THE TASK ▸ What you return should be the lines from the one with "Eclissi solare totale, ricercatori" through the one with "Ausflugstipp, Point of" in the data below, reproduced exactly with both ends, and no pictures at all.

DATASET RECORDS ▸
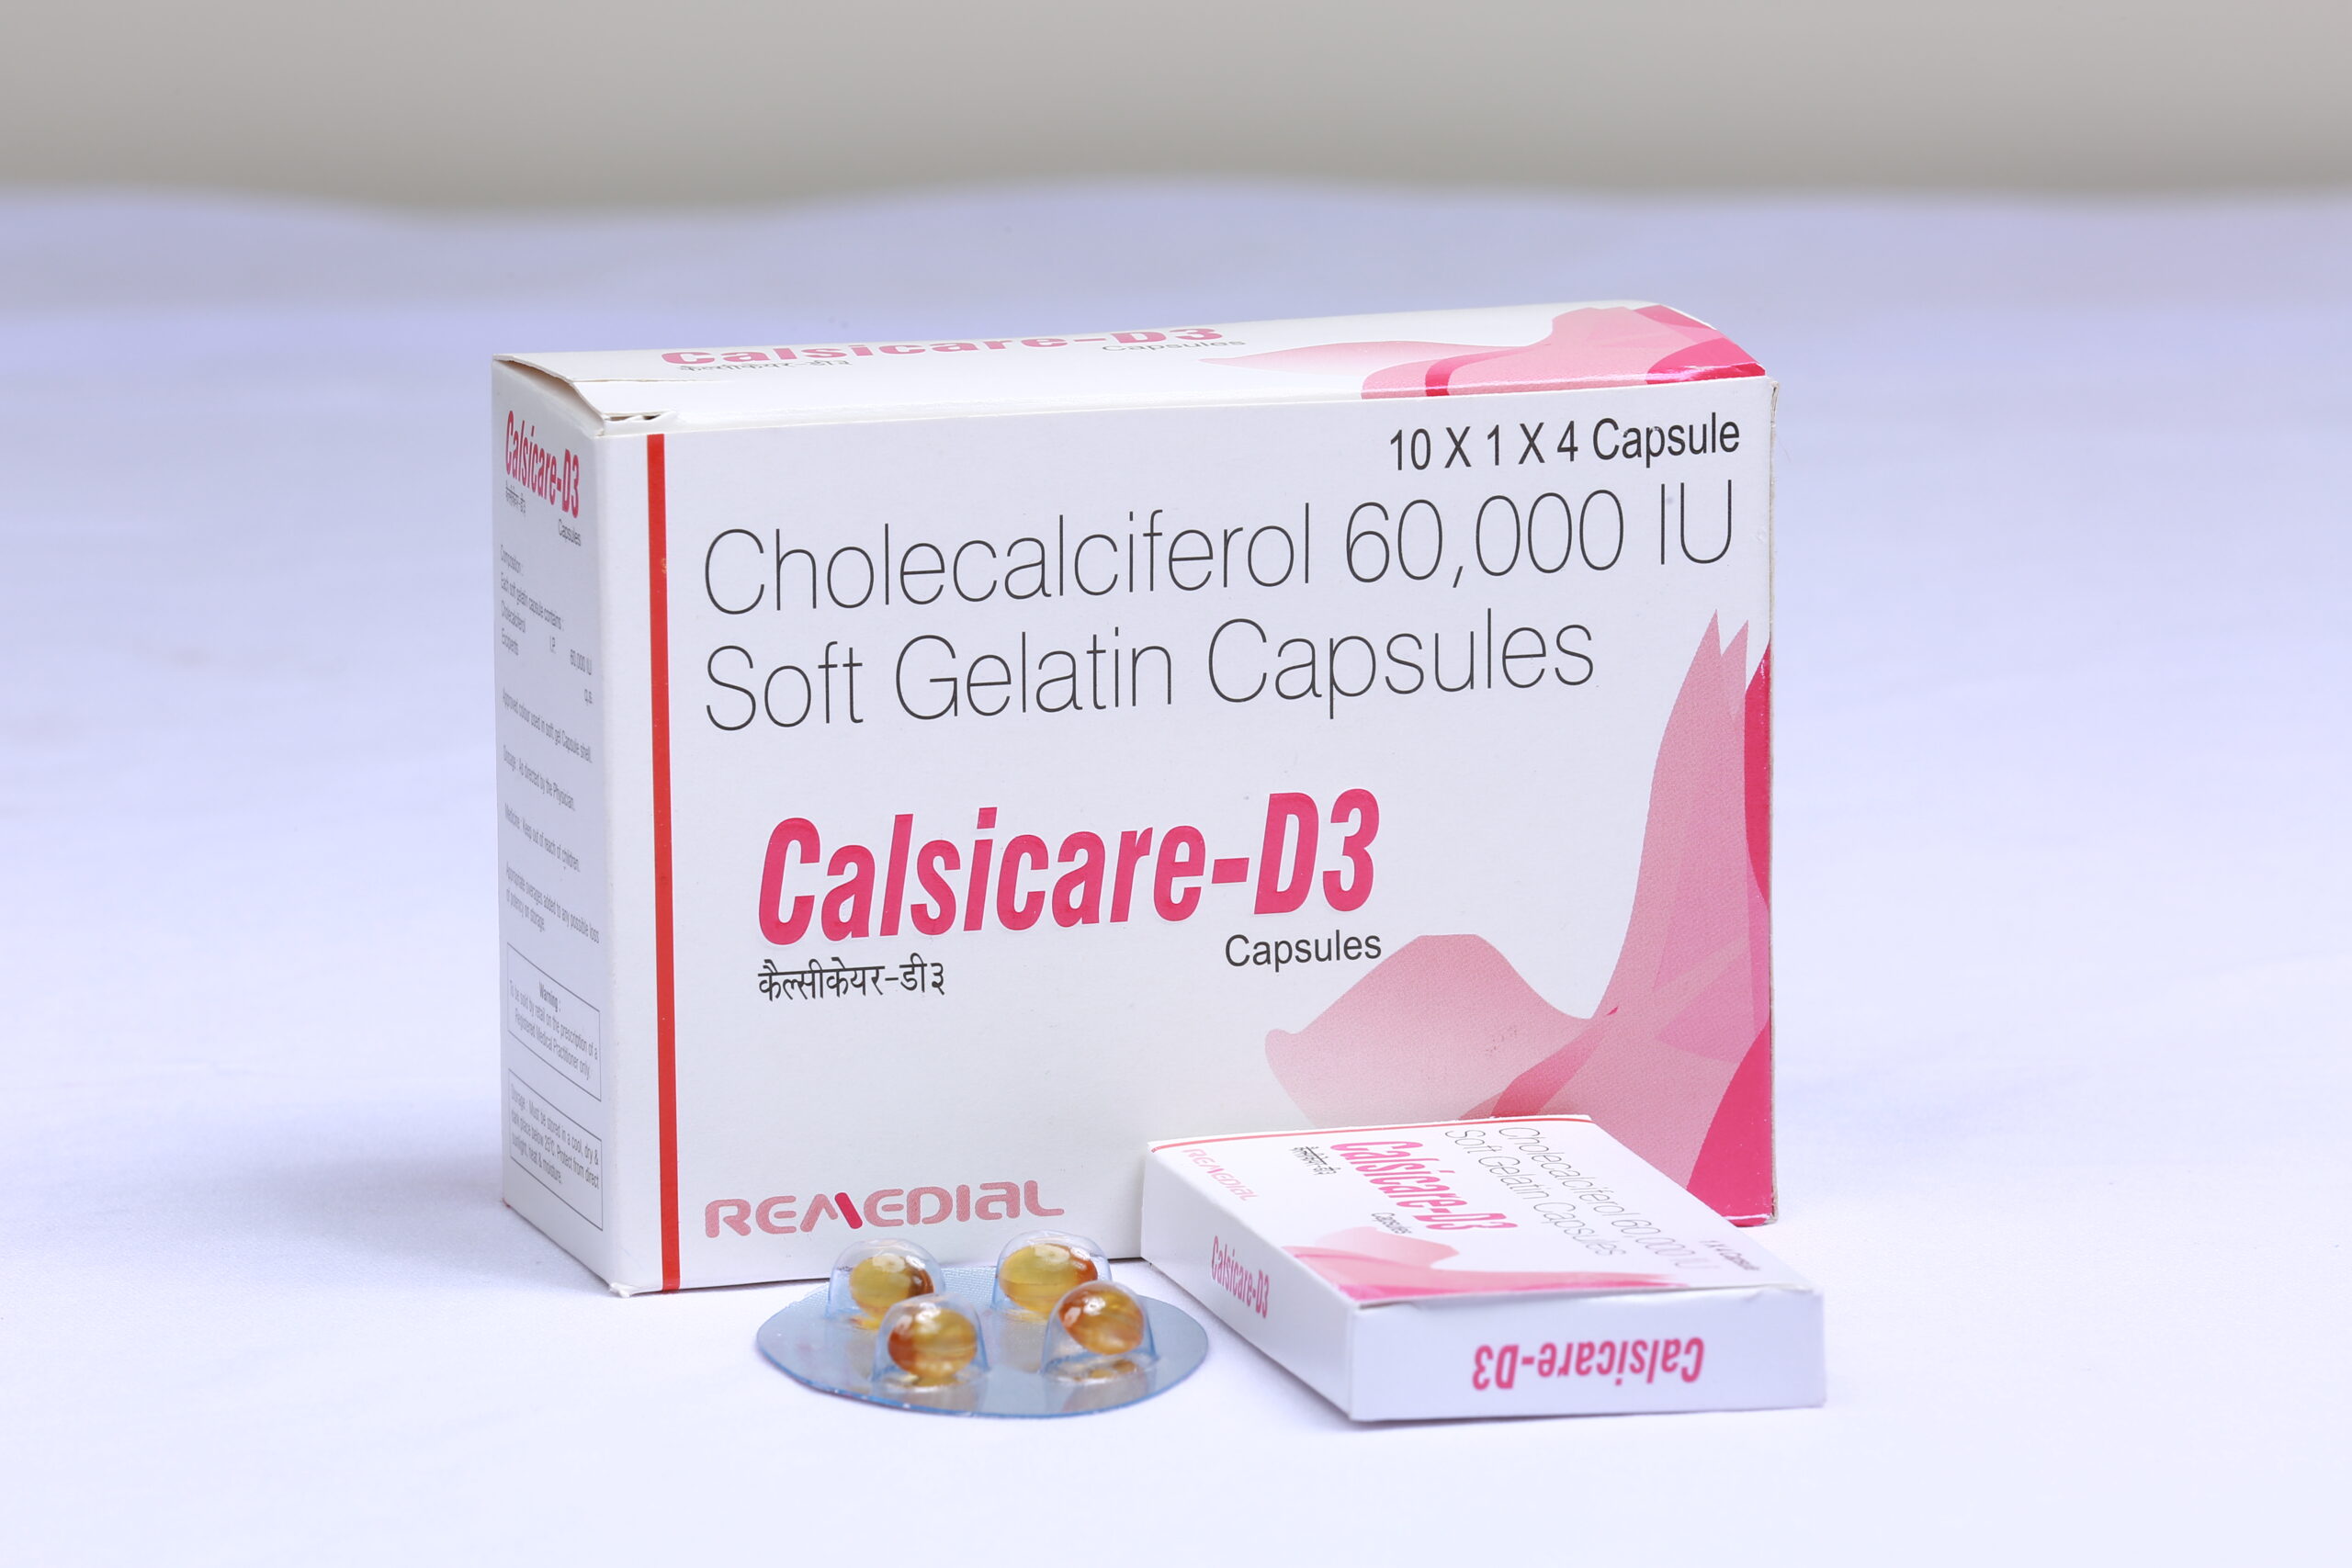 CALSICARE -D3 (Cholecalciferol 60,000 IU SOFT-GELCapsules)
--
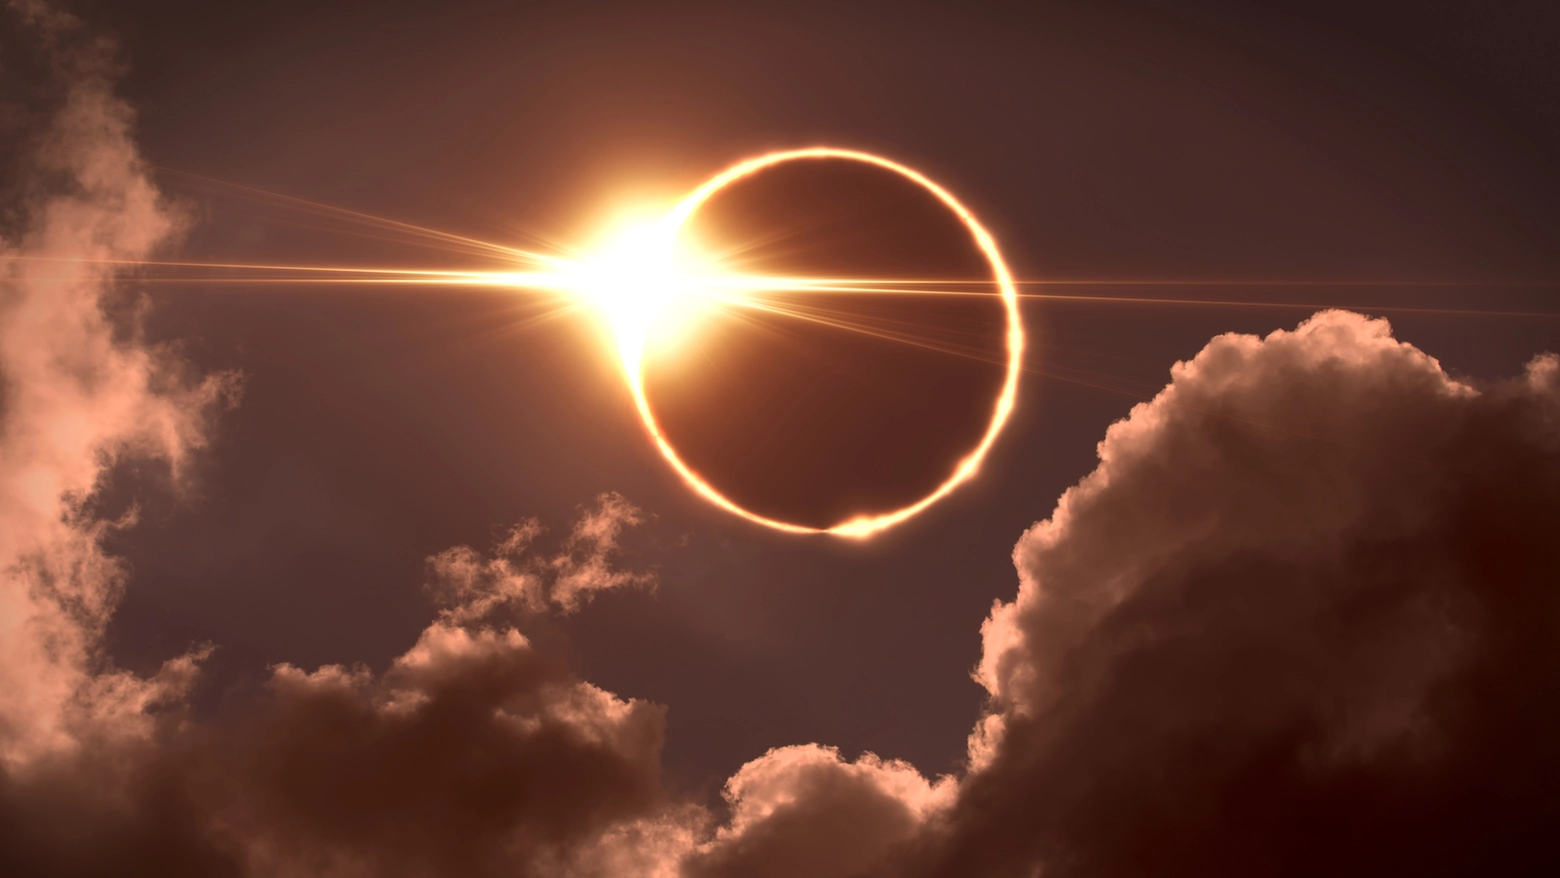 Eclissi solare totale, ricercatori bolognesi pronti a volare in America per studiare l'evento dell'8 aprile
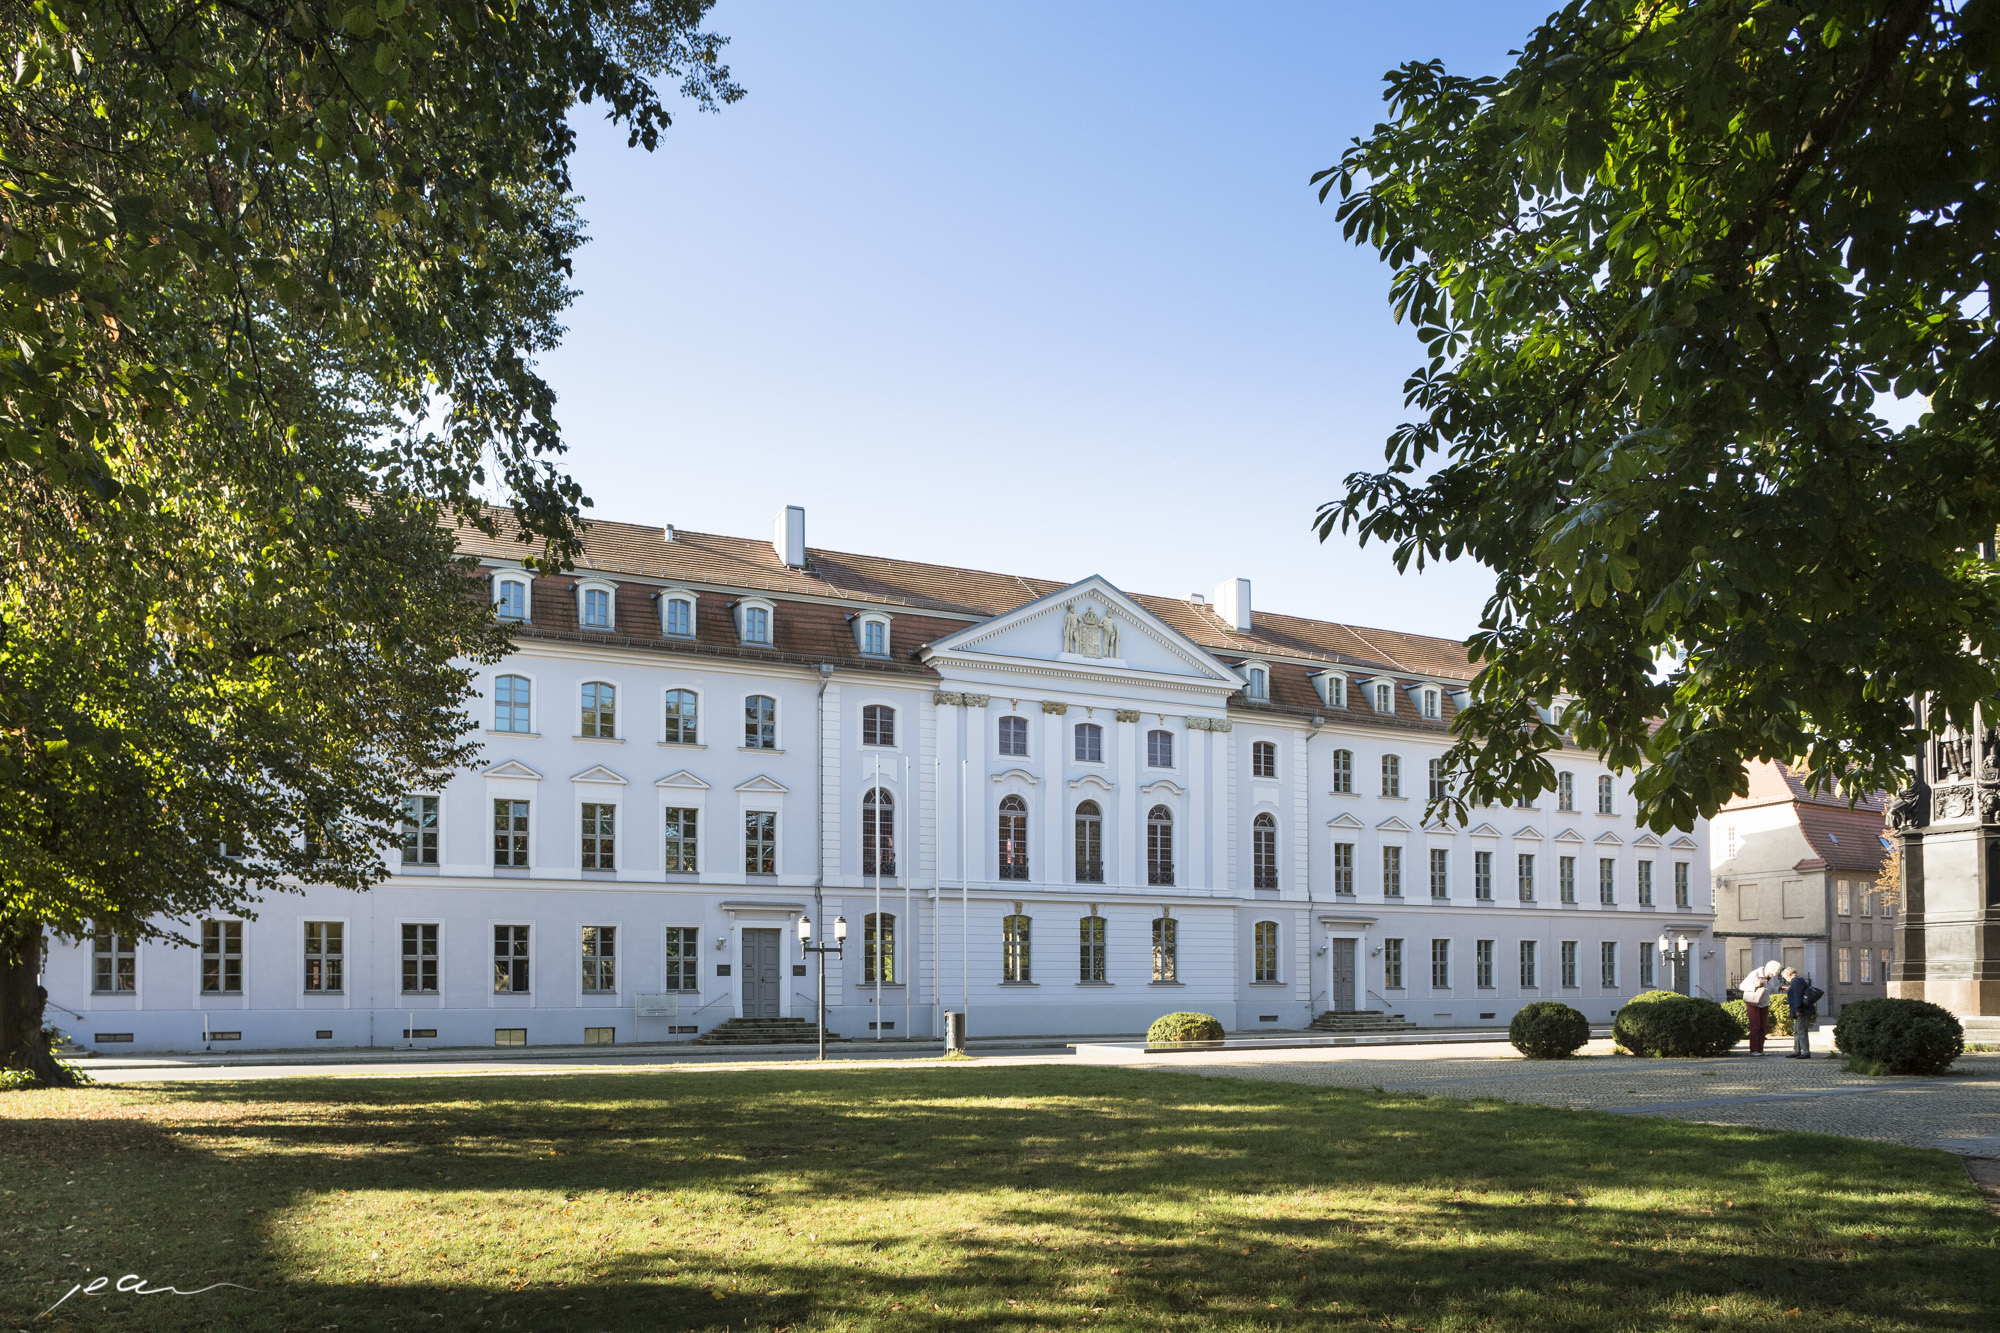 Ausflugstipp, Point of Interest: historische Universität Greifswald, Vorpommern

RESULT ▸
 Eclissi solare totale, ricercatori bolognesi pronti a volare in America per studiare l'evento dell'8 aprile
 Ausflugstipp, Point of Interest: historische Universität Greifswald, Vorpommern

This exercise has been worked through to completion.